Yet only two years later Cameron would commit one of the most abrupt political U-turns. 2013 marked the year when government policy on the environment in general, and climate change in particular, changed radically.  Following the reshuffle key ministers opposing airport expansion at the Department for Transport were replaced; John Hayes a vocal critic of wind farms was made energy minister; Owen Patterson, an opponent of wind farms and supporter of fracking is made an environment minister;
Peter Lilley, a the former Thatcherite minister, climate denialist and non exec director of a gas explorqtion company, was appointed to the parliamentary select committee on energy and climate change.  In November it is revealed that Osbourne’s “dash for gas” will quadruple the amount of “unabated” gas generating capacity, a commitment copper-fastened with tax subsidies, as well as major tax concessions to fracking industry. A decision which would undermine the UKs carbon reduction committments under the Climate Act. Also in November, it  is revealed that Cameron takes the highly unusual step of blocking the appointment of a key civil servant at DECC (Department of Energy and Climate Change) who is seen as being too committed to tackling climate change. And again in November the government announces a commission headed by the disgraced former director of the LSE, Howard Davies, a one time  policy advisor to ex Chancellor, Nigel Lawson (who now runs the climate denialist lobby group the Global Warming Policy foundation). Although the recommendation will not be delivered until after the next election, there can be little doubt  it will favour continued airport expansion at Heathrow. Then to top it all, the government gives the green light to over fourty “zombie” road schemes, which had been  successfully resisted by the direct action movement of the nineties and by local campaigns, such as the Combe Valley, Hasting bypass.

What liers behind this U-turn? Simply put, the failure of austerity to restore growth rates as numerous critical economic commentators had predicted. Robert Skidelsky has pointed out that the 2010 forecast of the Office for Budget Responsibility (OBR) was projected at 2.6% growth in 2011 and at 2.8% growth in 2012; in fact, the UK economy grew by 0.9% in 2011 and flat-lined in 2012. The  abrupt U-turn on the environment, far from representing a break from austerity, represents an intensification of plan A, that is, continuing with more austerity; it needs to be understood in the context of the failure of Osborne's austerity policies to restore either growth rates or profits to the UK economy. This has left the government scrambling around for quick political fixes to placate restive MPs on the back benches that they are doing something restore growth and profits.
One way it tries to achieve this is by externalising more of the costs of production allowing industry to load more of the costs of economic growth on the environment and society, such as reducing workers’ health and safety, or relaxing pollution regulations, creating for example, an increased workload for the NHS. So the government's new planning laws will make it easier for business to concrete over swathes the countryside; and Vince Cable's “bonfire of red tape” will worsen working conditions by removing strict liability on employers who breach health and safety regulations. Whether these policies will actually restore growth rates, let alone desirable is a moot point. In his Autumn Statement, Osbourne announced more spending on infrastructure to be financed by increased cuts in social spending. But whether all this will actually restore growth is unlikely. And as Michael Roberts has noted, infrastucture spending has actually fallen under the Coalition. And cutting "red tape" runs the risk of boomeranging on the government as the now unfolding horse meat scandel is revealing.

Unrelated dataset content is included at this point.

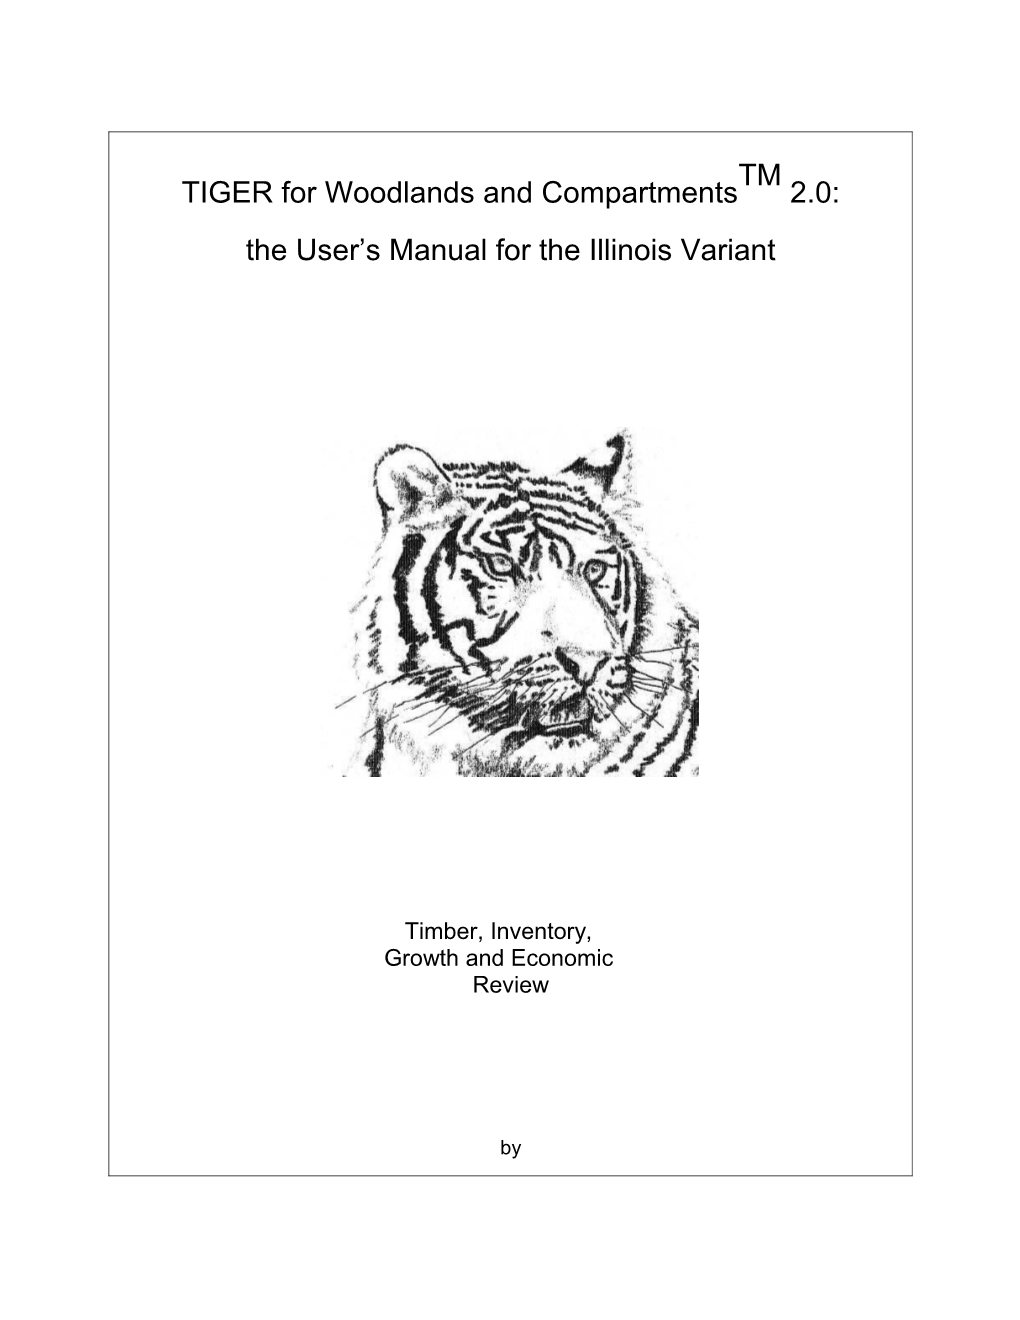 TIGER for Woodlands and Compartmentstm 2.0 s1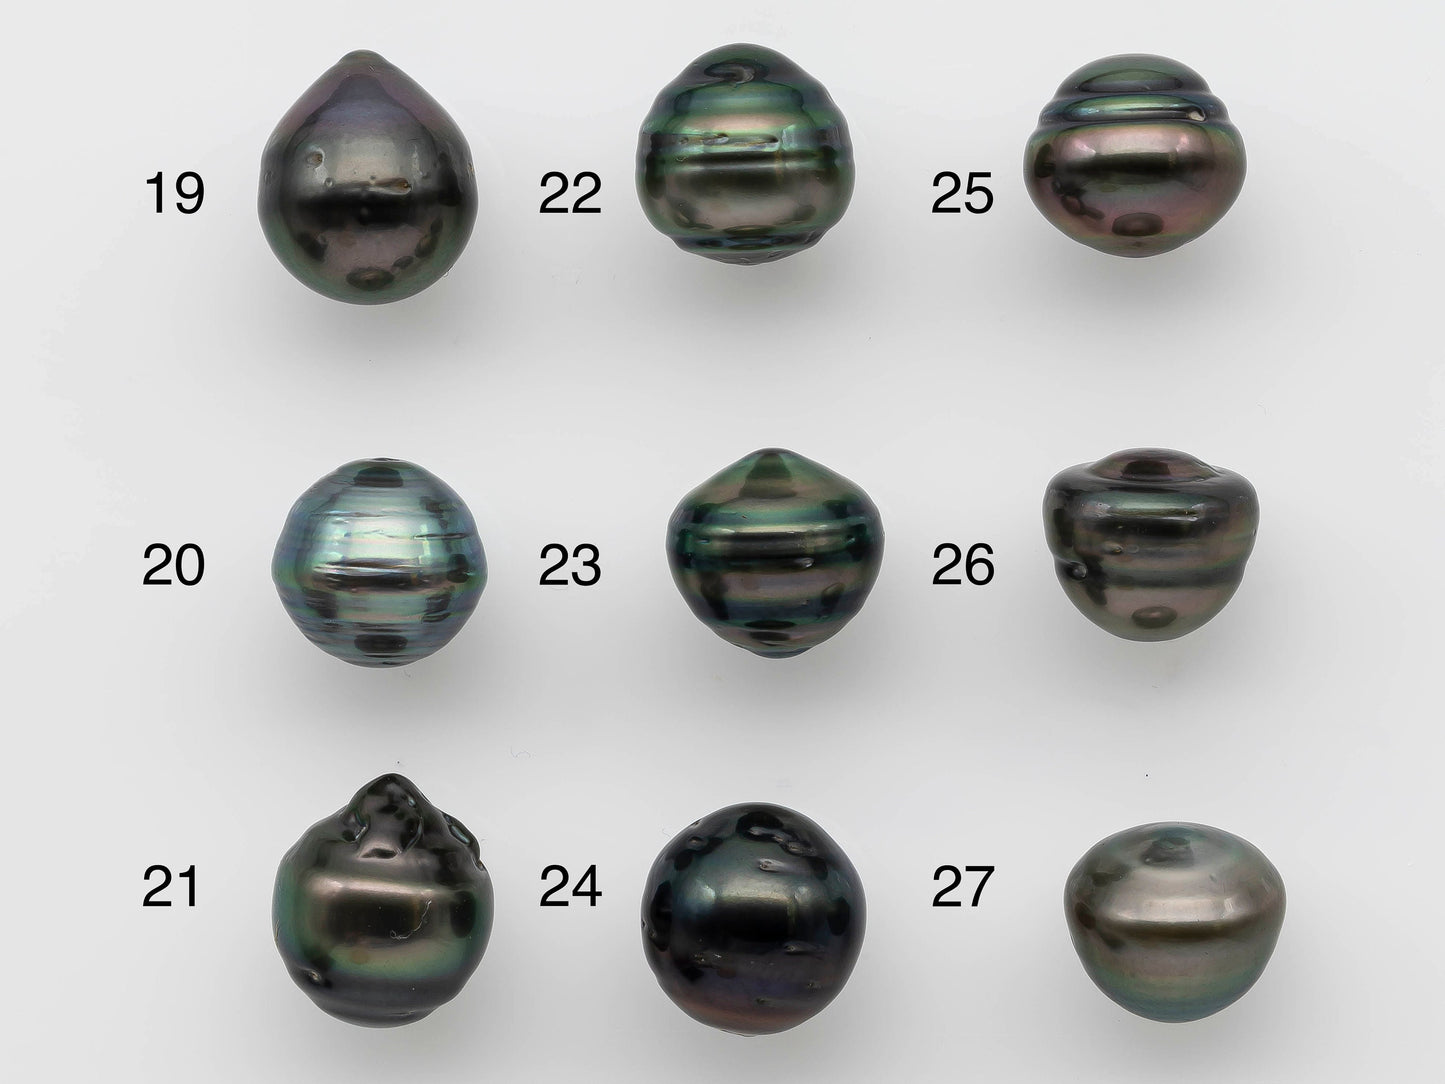 14-15mm Huge Size Single Piece Tahitian Pearl Loose Undrilled Drops in Natural Color with High Luster for Jewelry Making, SKU # 1263TH

There is also the question of the political power of the fossil fuel industry to consider. There is a huge amount of capital tied up in the existing fossil fuel economy whether it be gas pipelines, power stations or oil refineries. Furthermore, as Bill McKibben has noted, the stock valuations of oil and gas companies is tied to the exploitable reserves of fossil fuel in their asset portfolios. This concentration of fossil fuel capital creates its own centre of power, which is manifested in many different ways, in the media via public public relations, through the “revolving door” between Whitehall and the industry and directly in Parliament itself through lobbying. Other branches of industry have their own centres of power and their own political lobbies to represent their interests, whether it be the  airline industry lobbying for airport expansion, or the food industry lobbying to water down food labeling laws. George Osborne is one of the most influential defenders of the fossil fuel lobby in government. And other branches of industry have their own centres of power and their own political lobby’s to represent their interests. The renewable energy industry, because it is newer and smaller, does not enjoy the same political influence as the fossil fuel lobby. So for instance, the hostility of many backbench Tory MPs to wind farms should not be understood as concerns due to their aesthetic impact on the English countryside but the playing out of the interests of the fossil fuel lobby. Their concerns for the English countryside seem to evaporate when the question is new roads schemes in their constituency. It will be interesting to observe how many of those MPs opposing wind schemes on “aesthetic” grounds will also oppose fracking rigs in their constituencies. Cameron's silence on climate is one way of placating an increasingly climate sceptic Tory MPs to his right.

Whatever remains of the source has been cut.